Carlos Gadapan lost his job in the Philippine Drug Enforcement Agency (PDEA) because he had become a liability to the organization.

His claims of an unjust dismissal from his job as deputy head of the agency mean nothing because as a presidential appointee, he could be removed at anytime.

Gadapan faced the Senate committee on public order and dangerous drugs on Monday and insisted that he was fired because he had embarrassed his boss, Director General Jose Gutierrez Jr., when he told the latter that his wife had a gambling problem and that she may be using his name to get credit with which to finance her vice.

He also told him that Mrs. Gutierrez could be jeopardizing the PDEA’s operations, as she once asked him to lend her P300,000.

How Mrs.
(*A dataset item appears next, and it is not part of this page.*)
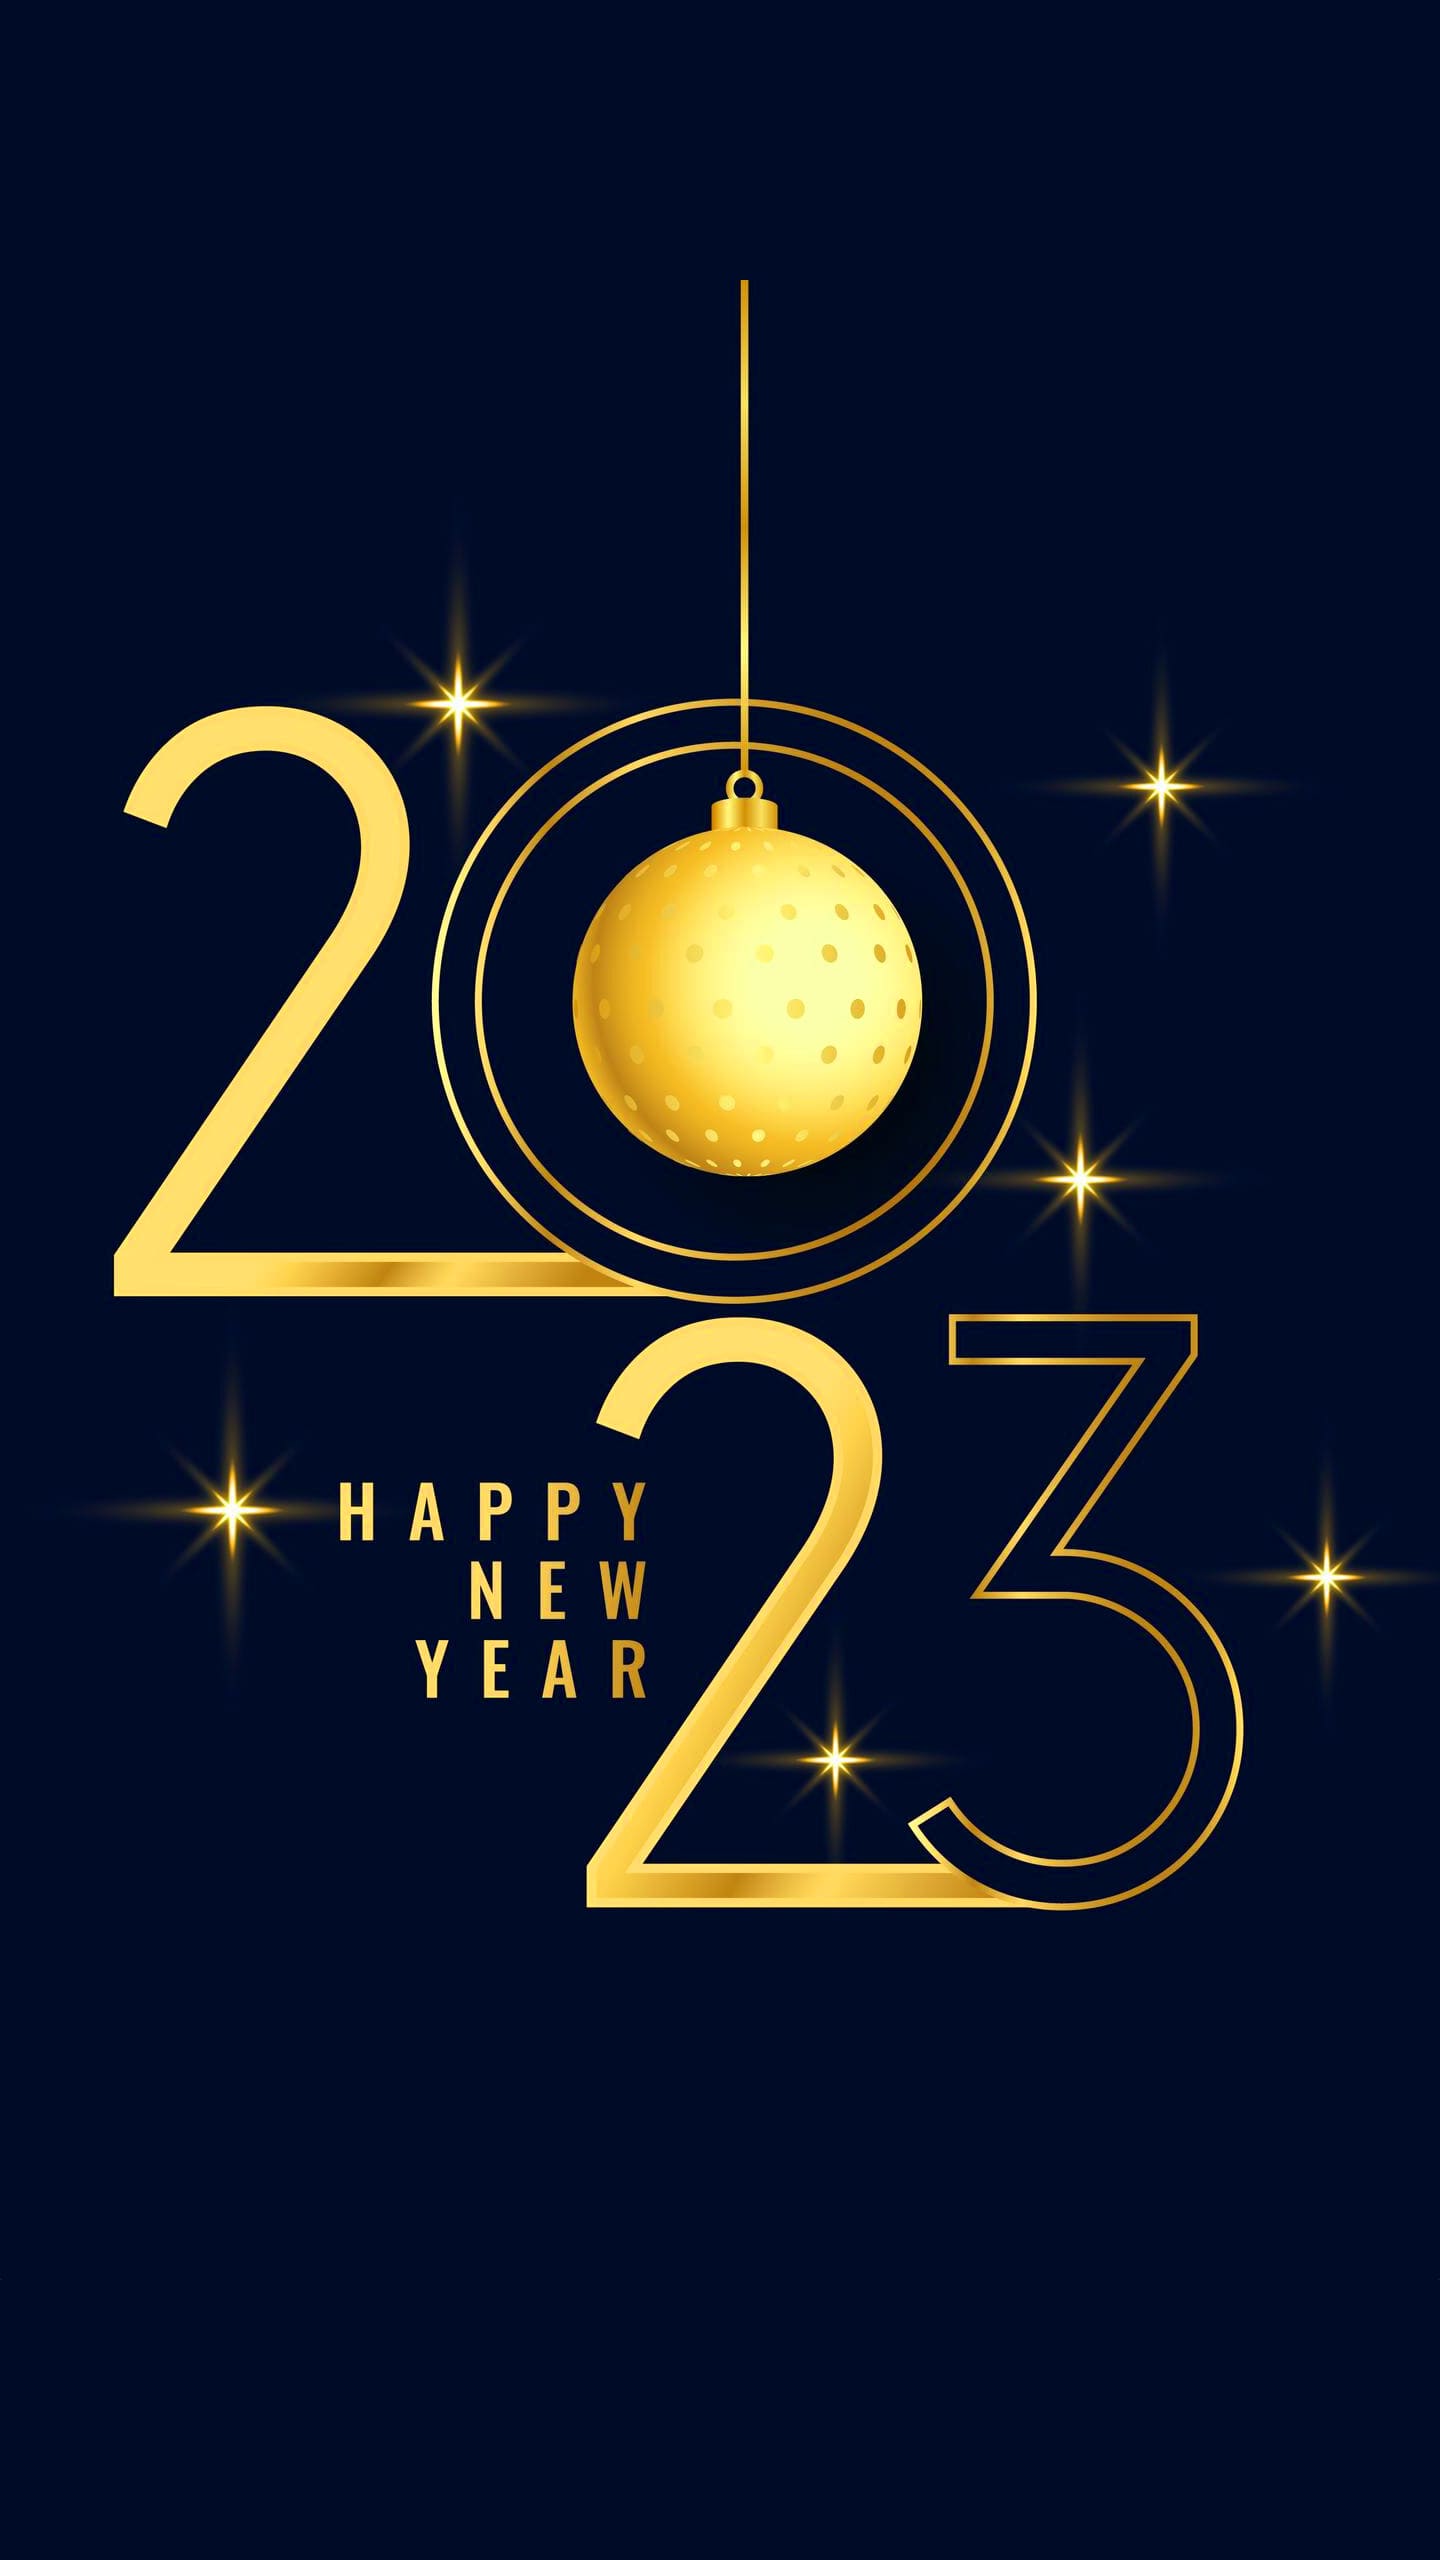 Happy New Year 2023 IPhone Wallpaper HD  IPhone Wallpapers  iPhone  Wallpapers

Gutierrez’s borrowing money from him could jeopardize any PDEA operation, Gadapan did not explain.

But his former boss, Gutierrez, was also at the Senate and the PDEA chief told the committee that it was Gadapan himself who had a gambling problem and that he had been fired from a job because of his vice.

Gutierrez, whom Gadapan accused of corruption, disclosed that after leaving the police service in 2005, Gadapan landed a job at Standard Chartered Bank, but he was fired in 2008 because of “habitual gambling.”

Gutierrez said that when Gadapan joined a United Nations peacekeeping mission abroad, his wife turned into a drug dependent and became the girlfriend of a police officer who was killed by an unknown gunman.

Sen. Gregorio Honasan, the committee chairman, cut Gutierrez short and reminded him to concentrate on flaws in the drug enforcement system that could be remedied by legislation.

For example, Honasan said, does the PDEA have a policy on members going to the media to air grievances?

That’s exactly what Gadapan did after being fired from the agency, but his complaining to the press and claiming that he was fired without due process boomeranged on him at the committee hearing, with Sen. Miriam Defensor-Santiago telling him that as a presidential appointee he was expendable.